What Are Summary Statistics?
Summary statistics describe a dataset with a few key numbers. Instead of reading all 100 values, you can say "the average is 85" and instantly understand the data.
scores = [85, 92, 78, 95, 88]
print("Min:", min(scores)) # 78
print("Max:", max(scores)) # 95
print("Sum:", sum(scores)) # 438
print("Count:", len(scores)) # 5
print("Mean:", sum(scores) / len(scores)) # 87.6
💡
Mean vs. Median
The mean (average) is affected by extreme values (outliers). The median (middle value when sorted) is more robust.

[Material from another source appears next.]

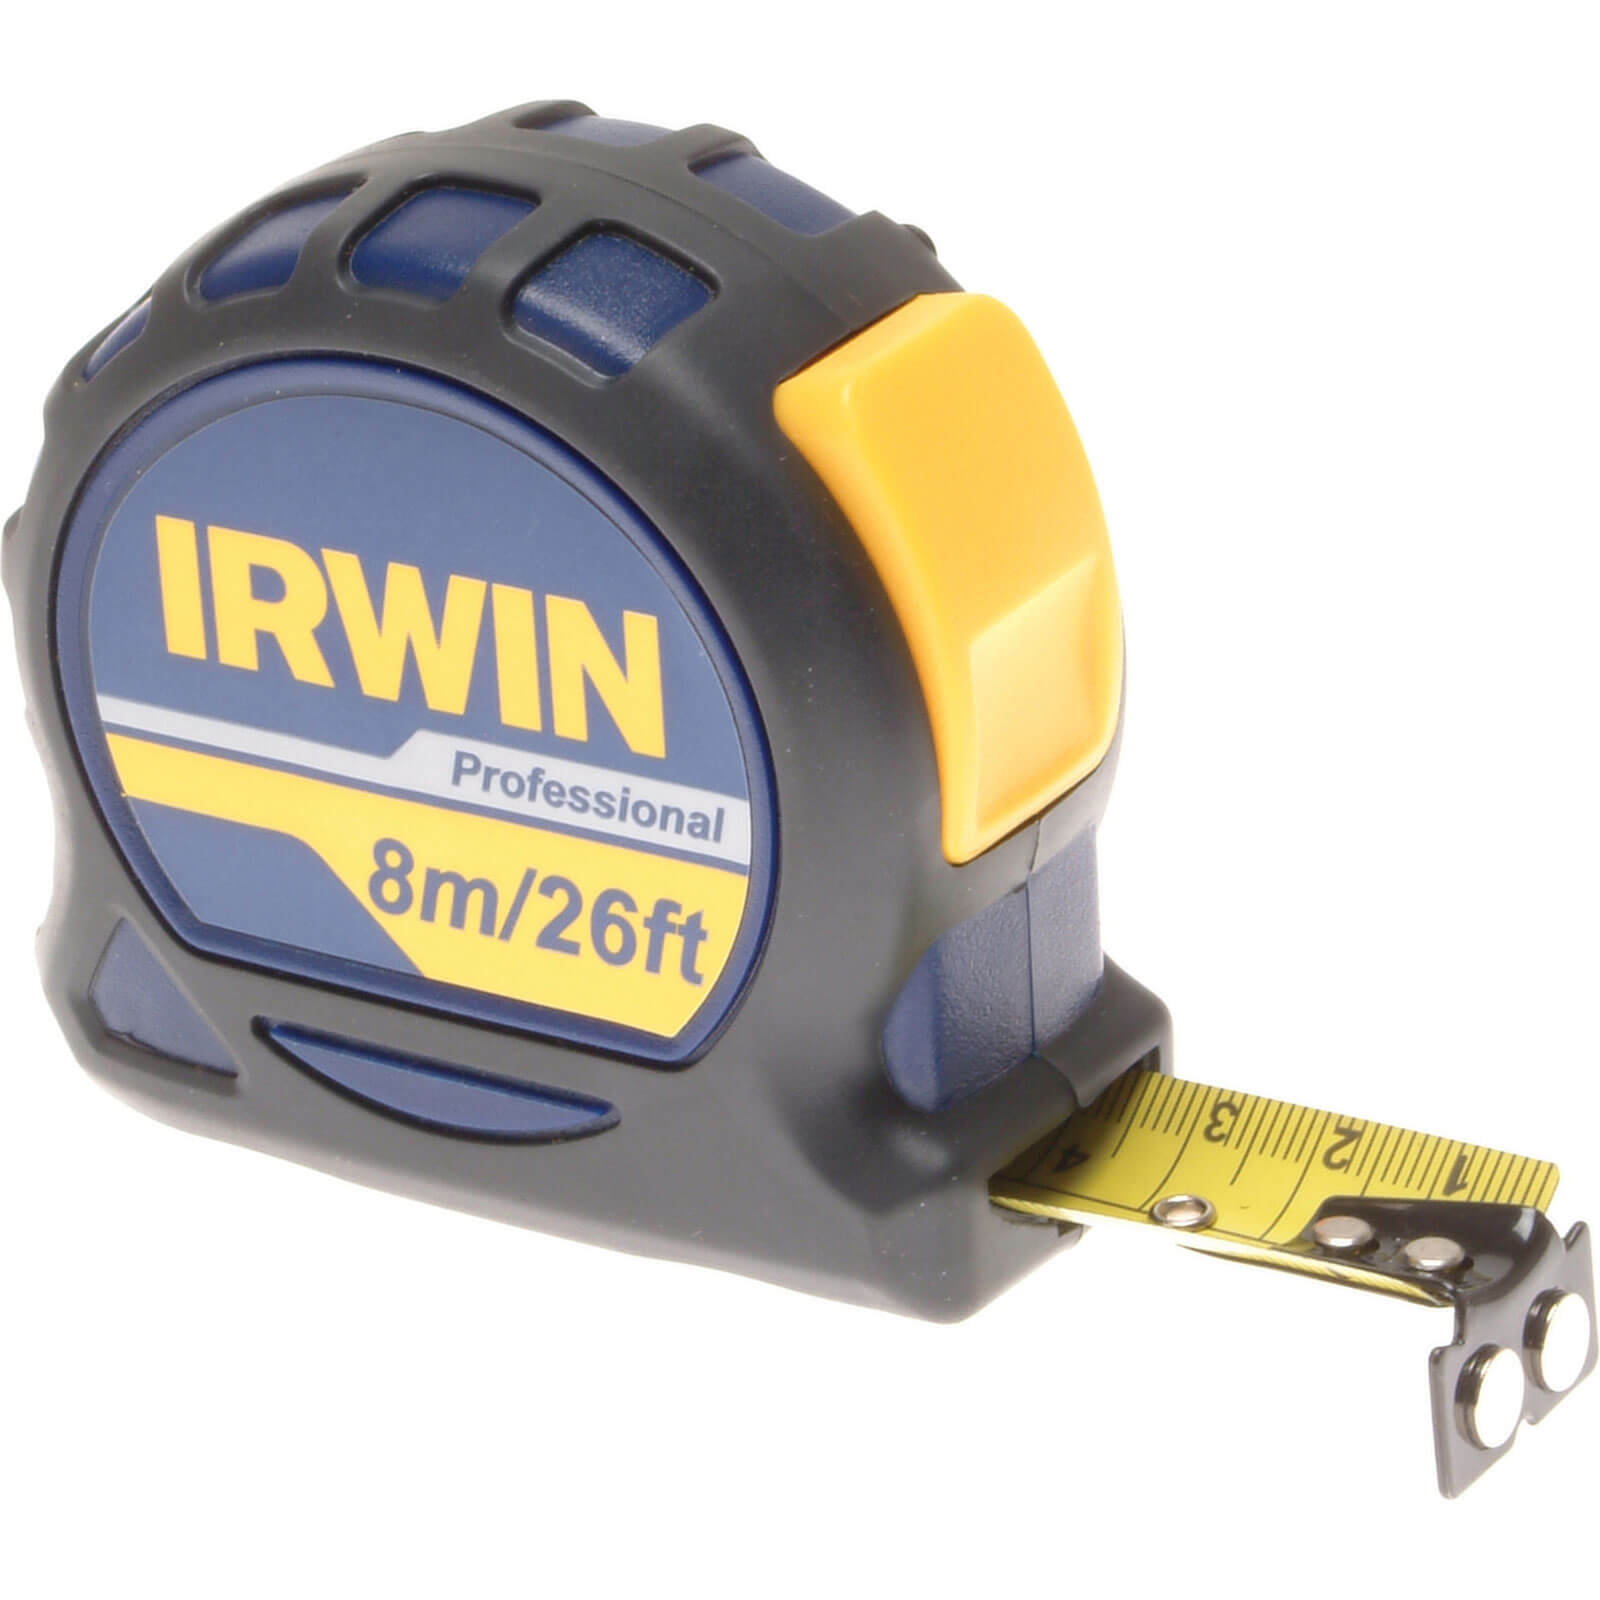 Photos - Tape Measure and Surveyor Tape IRWIN Professional Pocket Tape Measure Imperial & Metric 26ft / 8m 25mm IR

Always check both!
The statistics Module
Python's built-in statistics module gives you median and mode without writing the formulas yourself:
import statistics
scores = [85, 92, 78, 95, 88, 85]
print("Median:", statistics.median(scores)) # 86.5
print("Mode:", statistics.mode(scores)) # 85
Range and Spread
The range tells you how spread out the data is — the difference between the highest and lowest values:
data_range = max(scores) - min(scores)
print("Range:", data_range)
🆕
Outlier Effect
If a student scores 20 in a class where everyone else scored 90, the mean drops to ~83 but the median stays near 90. That's why data scientists always look at both!